Got one arm round her waist and one hand to the back of her bonnet to hold her in place.
And smashed his mouth down hard on her lips.
‘Whuh!’ It was all that she managed to say when, as abruptly as he’d started the kiss, he left off. Her mouth felt branded. Her legs were shaking. Her heart was pounding as though she was being chased by Farmer Westthorpe’s bull. Which would have been her fate if she’d fallen into the field, rather than become stuck on one of the lower branches.
‘The rumours,’ he said in a silky voice, ‘about my affair with...well, you know who...are exactly that. Merely rumours.’
‘Affair?’ What business did he have discussing his affairs with her?
‘It is over. Never started. Hang it, sweetheart,’ he growled. ‘How could I ever marry anyone but you? Landlord,’ he said, giving her waist an uncomfortably hard squeeze, which she took as a warning not to say another word, ‘my fiancée and I would like some privacy in which to continue our...discussion.’
And naturally, since he was the almighty Marquess of Rawcliffe, the landlord bowed deeply, and said that of course he had a private room, which he would be delighted to place entirely at their disposal. And then he waved his arm to indicate they should follow him.
Back into the interior of the building she’d just been about to vacate.
Chapter Two (#ub35c94aa-1c44-506f-963e-9e8d40b169c0)
Lord Rawcliffe kept his arm round her waist, effectively clamping her to his side.
‘Not another word,’ he growled into her ear as he turned her to follow the landlord. ‘Not until there is no fear of us being overheard.’
She almost protested that she hadn’t been going to say anything. She had no wish to have their quarrel witnessed by the other passengers from her coach, or those two drunken bucks who’d staggered out of the tap at the exact moment she’d punched the Marquess on the nose, or even the landlord.
‘This will do,’ said Lord Rawcliffe to the very landlord she’d been thinking about, as they entered a small room containing a table with several plain chairs standing round it and a couple of upholstered ones drawn up before a grate in which a fire blazed even though it was a full week into June.
‘You will be wanting refreshments, my lord?’
‘Yes. A pot of tea for my fiancée,’ he said, giving her another warning squeeze. ‘Ale for me. And some bread and cheese, too. Oh,’ he said, dabbing at his bleeding nose, ‘and a bowl of ice, or, at least, very cold water and some clean cloths.’
‘Of course, my lord,’ said the landlord, shooting her a look loaded with censure as he bowed himself out of the door.
‘And one other thing,’ said Lord Rawcliffe, letting go of her in order to give the landlord his full attention. Clare didn’t bother to listen to what the one other thing might be. She was too busy getting to the far side of the room and putting the table between them for good measure.

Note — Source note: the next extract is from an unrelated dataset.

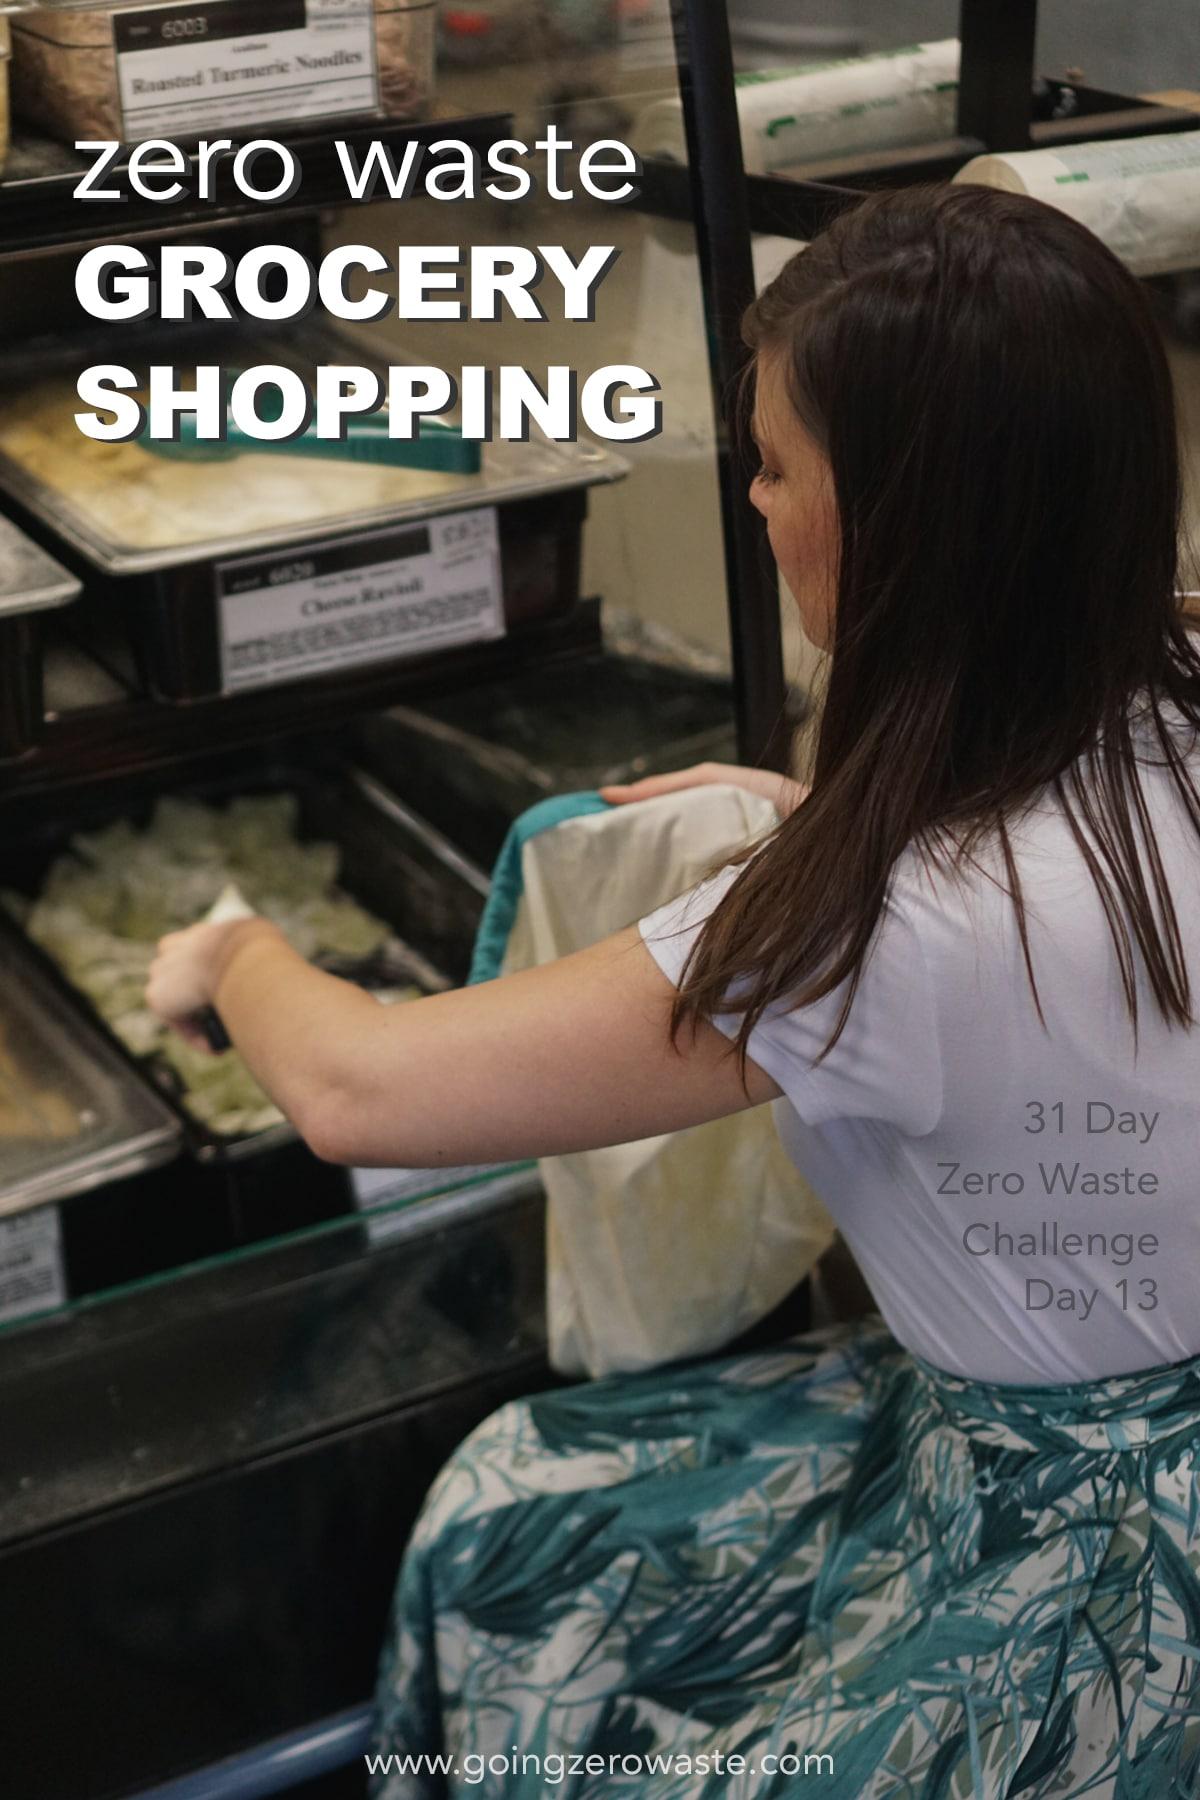 Zero Waste Grocery Shopping - Day 13 of the Zero Waste Challenge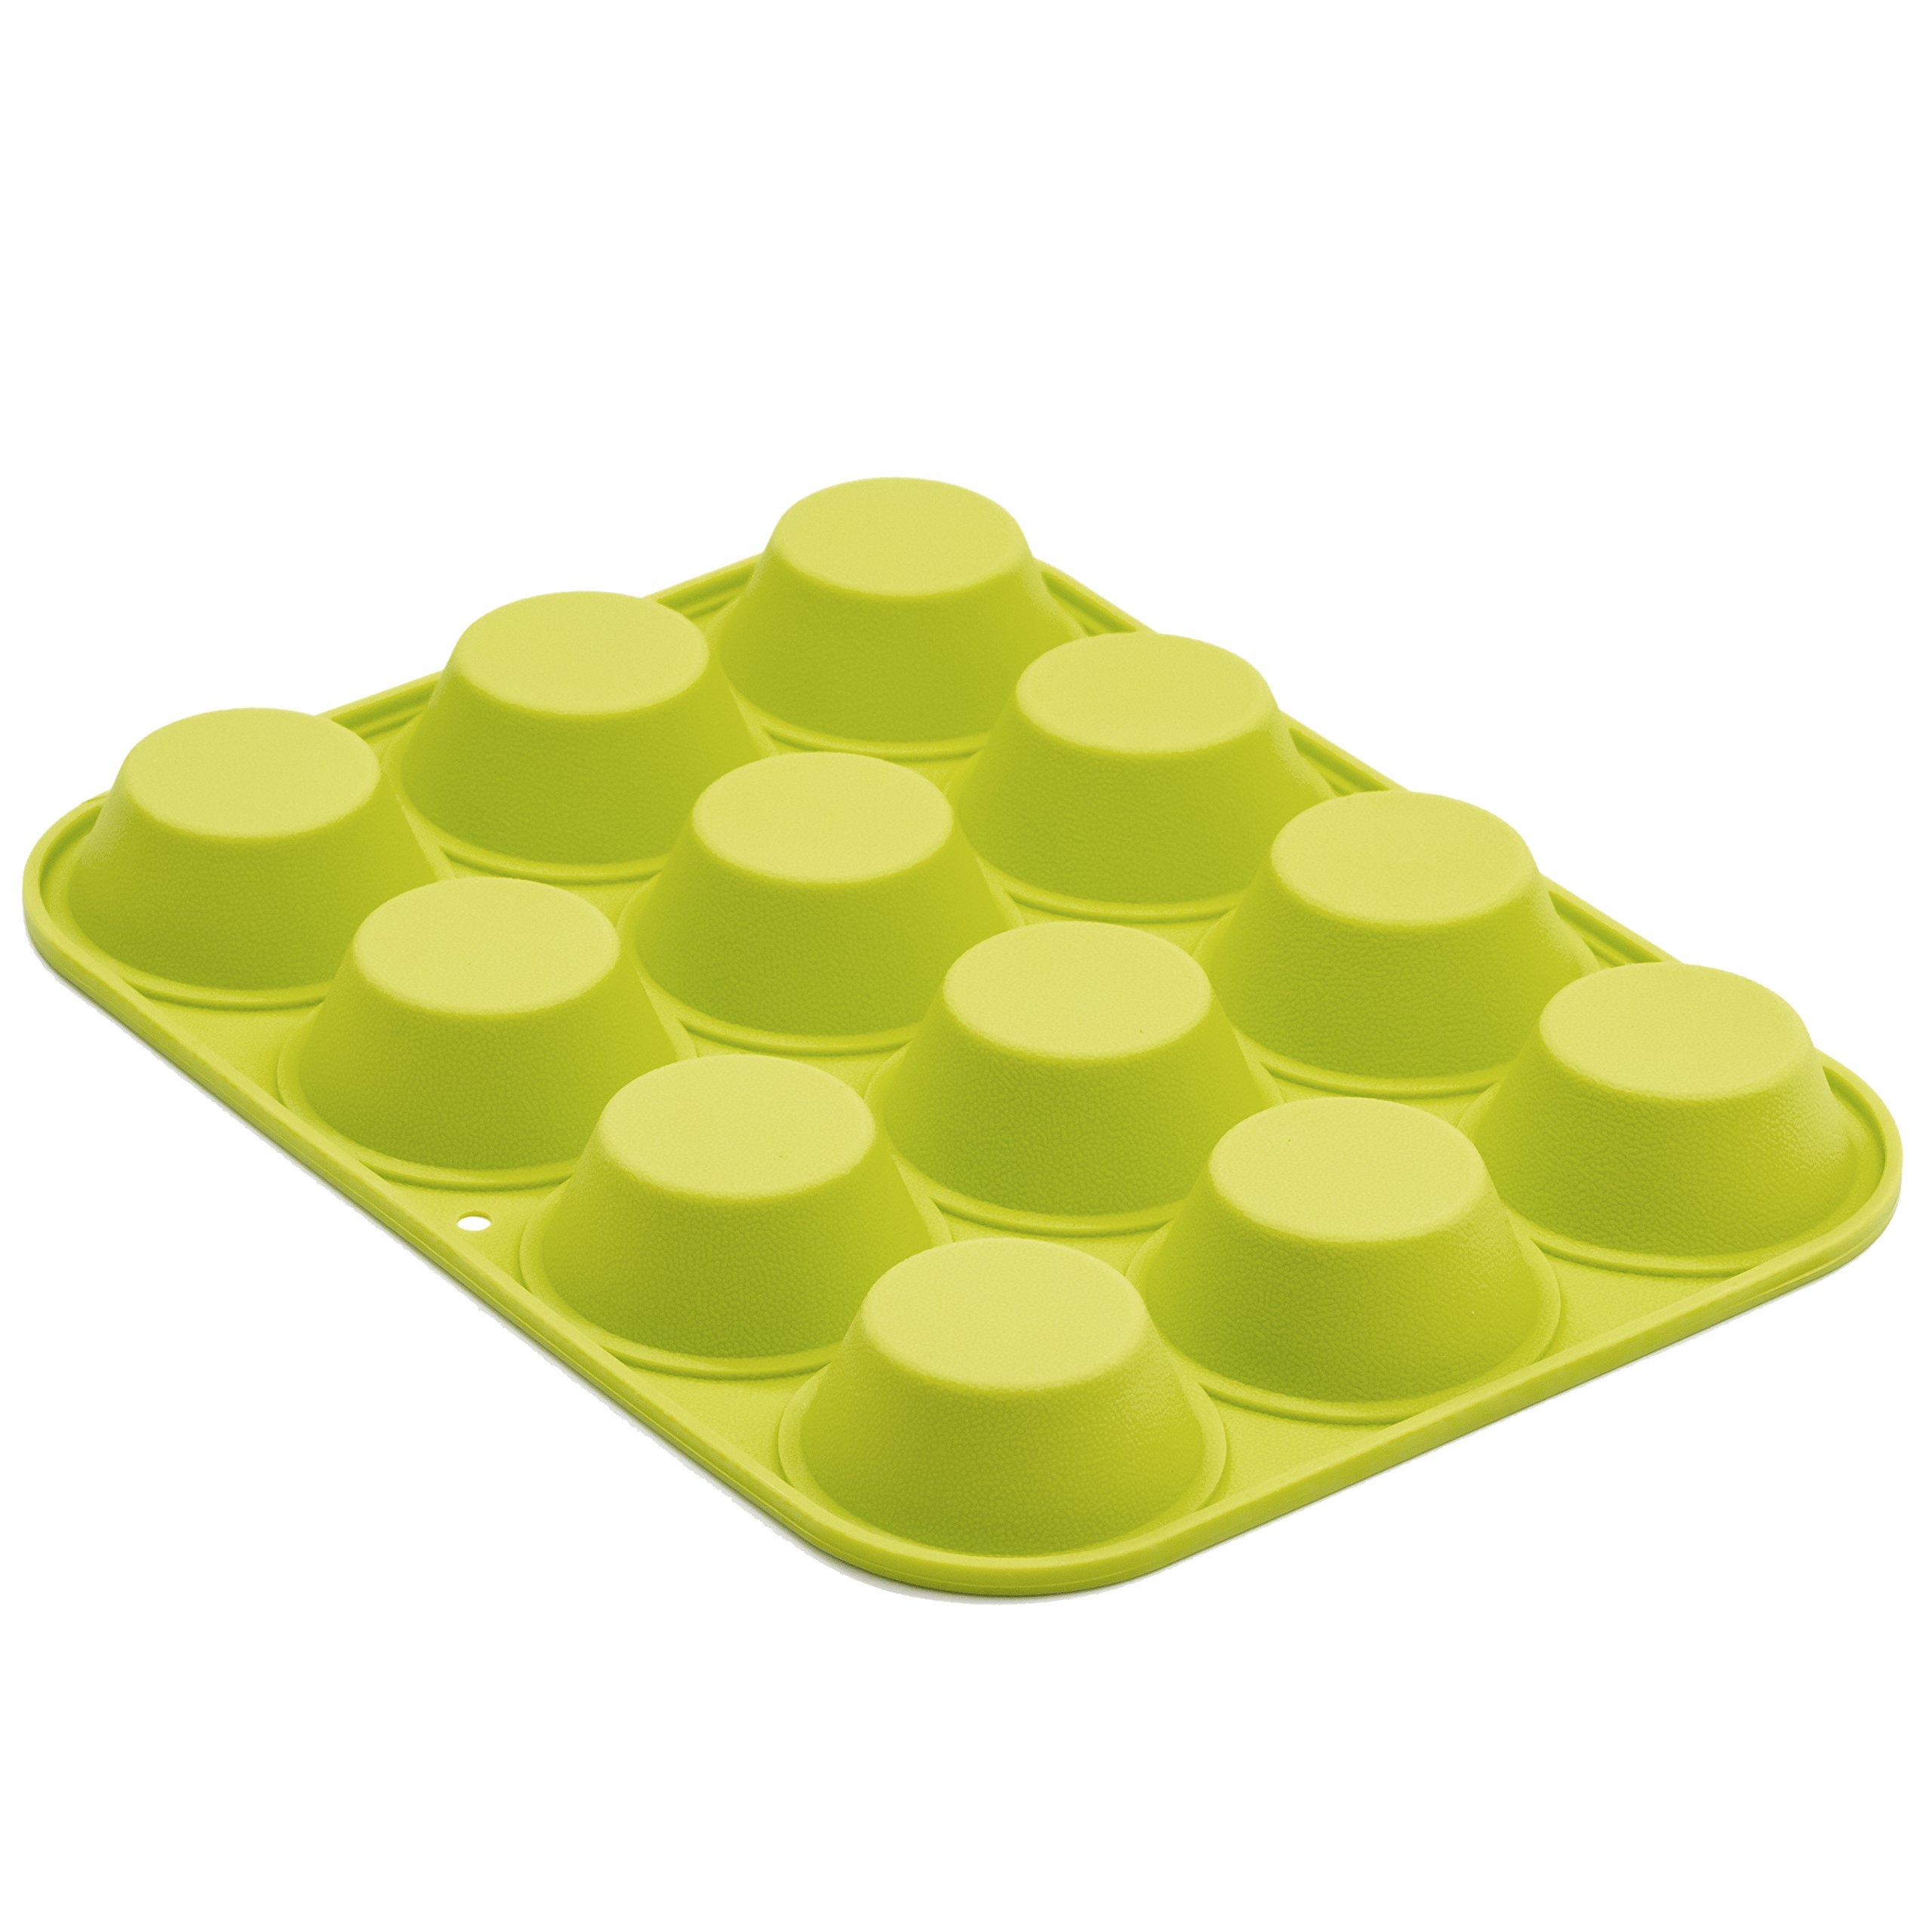 Marathon Housewares KW200011GR Premium Silicone 12 Cup Mini Muffin Pan, Green by Marathon Housewares (Image #2)

‘Look,’ she said, as soon as the landlord had gone. ‘I know I shouldn’t have hit you and I—’ she drew a deep breath ‘—I apologise.’ She looked longingly at the door. Rawcliffe might have all the time in the world, but she had a stage to catch. ‘And thank you for the offer of tea, but I don’t have time to—’
He was nearer the door than she was, and, following the direction of her gaze, he promptly stepped in front of it, leaned his back against it and folded his arms across his chest.